6 Things You Need to Know About Cloud Access Control
Access control is a broad technique that determines who has access to a system, an application, or other bounded area. An MP would check your ID if you drove onto a military base. This is done in order to verify your authorization to be on the premises. This is a form access control.
Another example is when a password is entered into a computer. This is also a form access control. Access control is the ability to determine who has permission to access resources, write resources to resources, and consume resources. Access control is, in general, the foundation of any system that is considered secure.
It is important to be familiar with all access control methods if you are preparing for any security or cloud certification. Let’s now look at six types of access control that can be used to gain access to a cloud system. We will start with Role Based Administration.
What is Role-Based Administration?
Role-based administration refers to the assignment of specific roles to users. These roles control which resources they have access to. Role-based administration follows the principle of least-privileged acces by limiting privileges to those who have been assigned specific roles. In other words, people without roles are denied access. Let’s look at some examples of role-based administrative.
Learn how to become a security expert with SPOTO’s Cybersecurity Training
Training beginsA recent hire of a software developer means that the company has given him the role of software developer. This grants him access to BitBucket and GitHub. He can also download the IntelliJ IDE. He is not permitted to access the production environment, CRM software or any other information not specifically assigned to him.
Let’s say that the same company hires a new lawyer. She has access the network attached storage (NAS), which contains all records and software necessary for legal work. She has no access to the software developer’s files and vice versa. Let’s now take a look at mandatory access controls, which is the next access control method.
What are mandatory access controls?
Mandatory access controls (MACs) don’t focus on roles. Access is determined by the level of authorization. This type of access control is managed at the operating system level and assigned by one security administrator. MAC is often equated to military classification levels. Let’s look at an example.
Let’s suppose 100 software developers were working on a top-secret application. It is so secret that they don’t know the entire objective. This is commonly referred to as SCI or sensitive compartmentalized info.
Because they have top-secret clearance, some developers can read, write, or execute programs in a given directory. Secret clearance holders can only execute programs to complete a related task. While each team may not know exactly what the other is doing, they are all working towards the same goal.
All have access to the same system. However, resource access is determined based on their level of clearance and not by a role. It’s worth discussing the different ways discretionary access controls work.

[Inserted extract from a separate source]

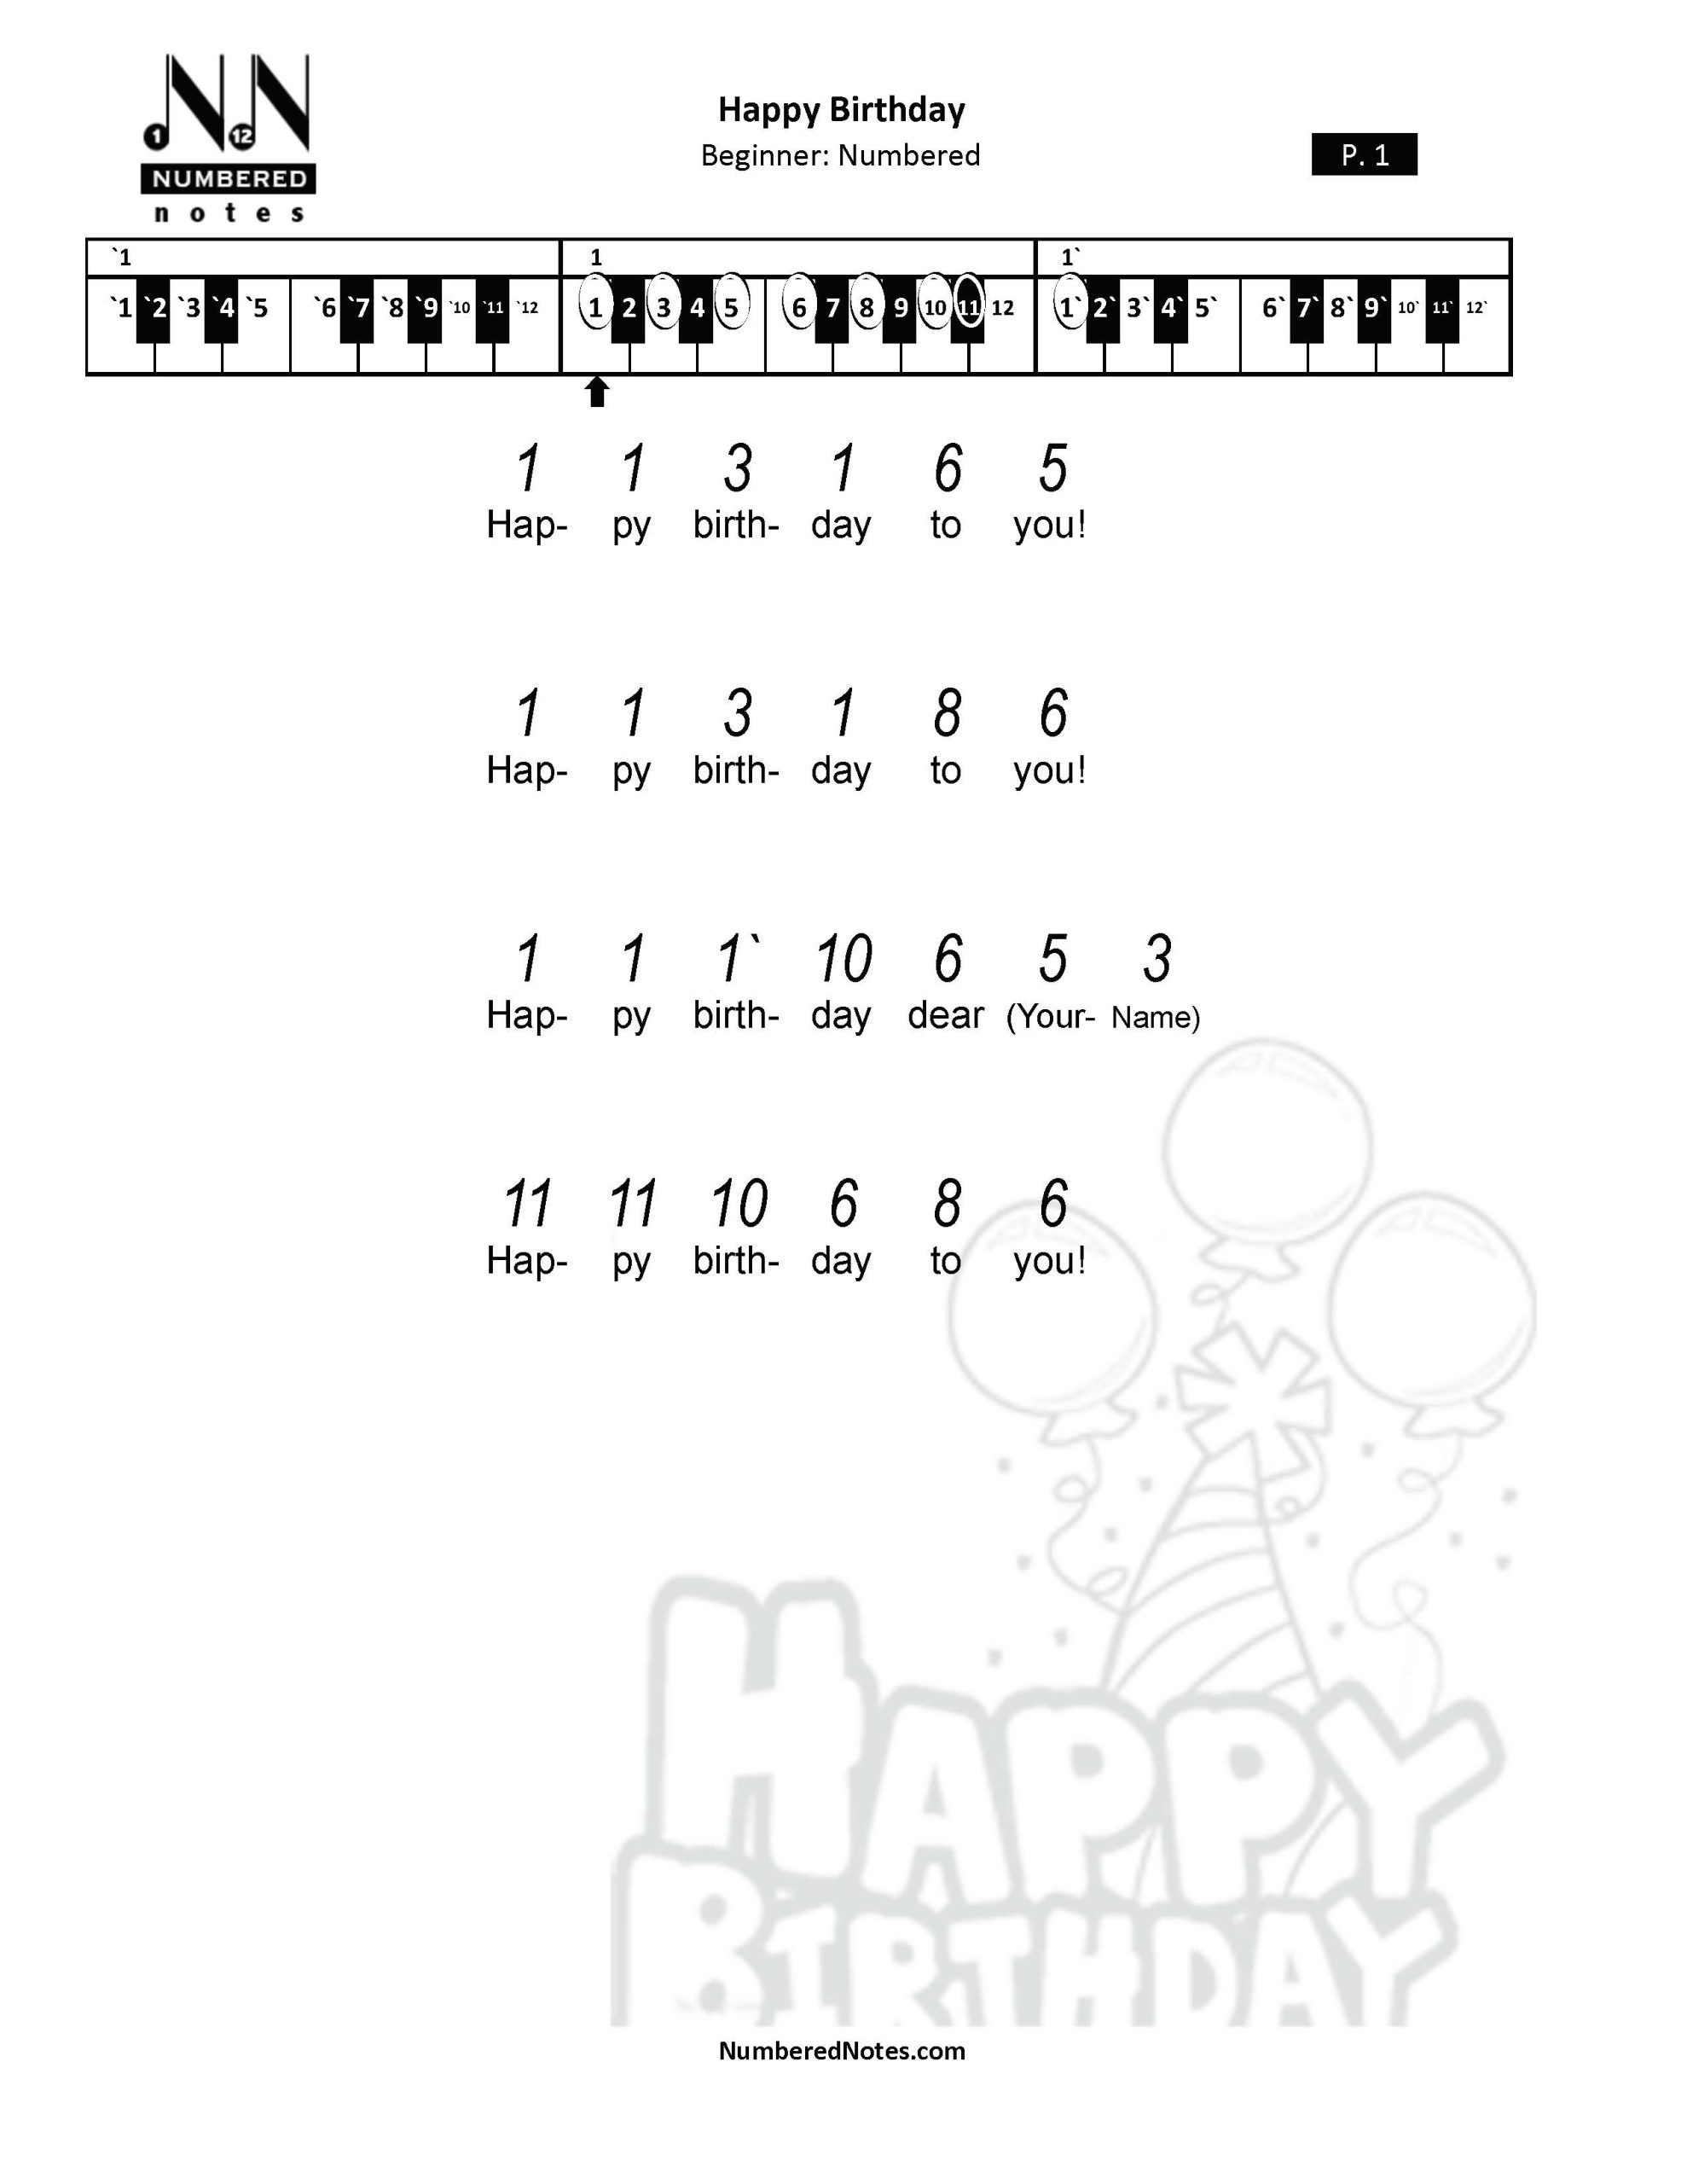 Happy Birthday - Numbered Notes™ - Sheet Music

What are discretionary access controls?
Discretionary Access Control (DAC) is the other half of the coin. DAC is still managed at the operating system level. However, access control is determined based on the current user logged in. Discretionary Access Control is the most familiar of all access control methods. Let’s look at a common example.
Imagine that you created a spreadsheet to track your team’s budget. You and four of your co-workers are the only ones who can edit it. To make sure that you and your co-workers are the only ones with access to it, we have added five more.